Esta propuesta tributaria que con algunas variaciones salió de la oficina del Secretario de Hacienda y Crédito Público (SHCP), Agustín Carstens, antiguo subdirector gerente del Fondo Monetario Internacional, provocará de aprobarse en el Senado de la República, el aumento del precio de los servicios de telecomunicaciones en por lo menos 20 por ciento.

La medida hacendaria afectará a todos los usuarios nacionales de telefonía y conexiones de internet, quienes ya de por sí enfrentan un entorno adverso para la utilización de los servicios, a causa de su alto costo y baja calidad, en comparación con los que se brindan en las otras economías de la Organización para la Cooperación y el Desarrollo Económico (OCDE), a la que pertenece México desde 1994.

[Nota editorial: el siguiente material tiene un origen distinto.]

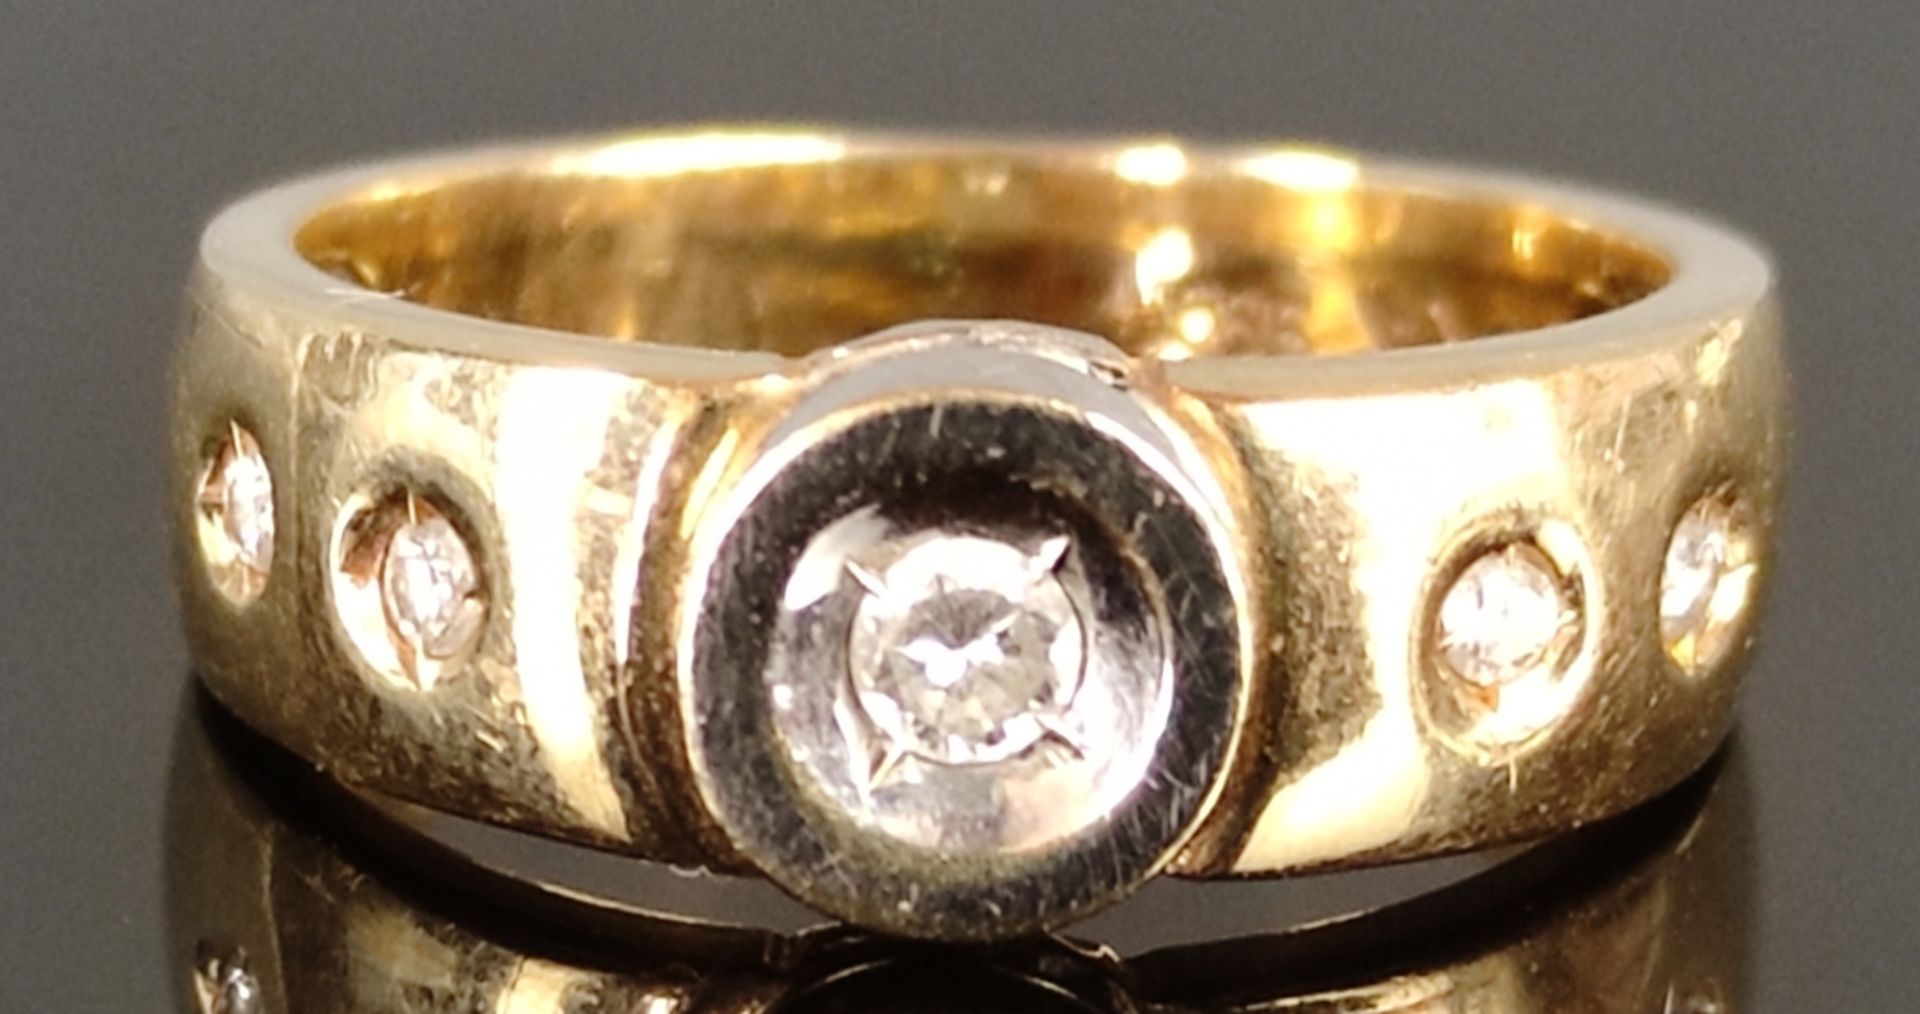 Brillant-Ring, mit 5 kleinen Brillanten, 585/14K Gelb- und Weißgold, 4,2g, Ringgröße 51 - Bild 2 aus 4

Entre los usuarios de telecomunicaciones en México, de los más afectados con los nuevos impuestos serán los medios de comunicación, particularmente los denominados “online”, que por lo general son micro, pequeñas y medianas empresas u organizaciones no lucrativas que basan su operación en las tecnologías de la información. Y es que los medios online, por un lado, enfrentarán el aumento de sus costos operativos, y, por otro, podrían ver disminuido el número de sus lectores y anunciantes locales, quienes previsiblemente reducirán su acceso a la web por su alto costo y/o la priorización de gastos ante la avalancha impositiva.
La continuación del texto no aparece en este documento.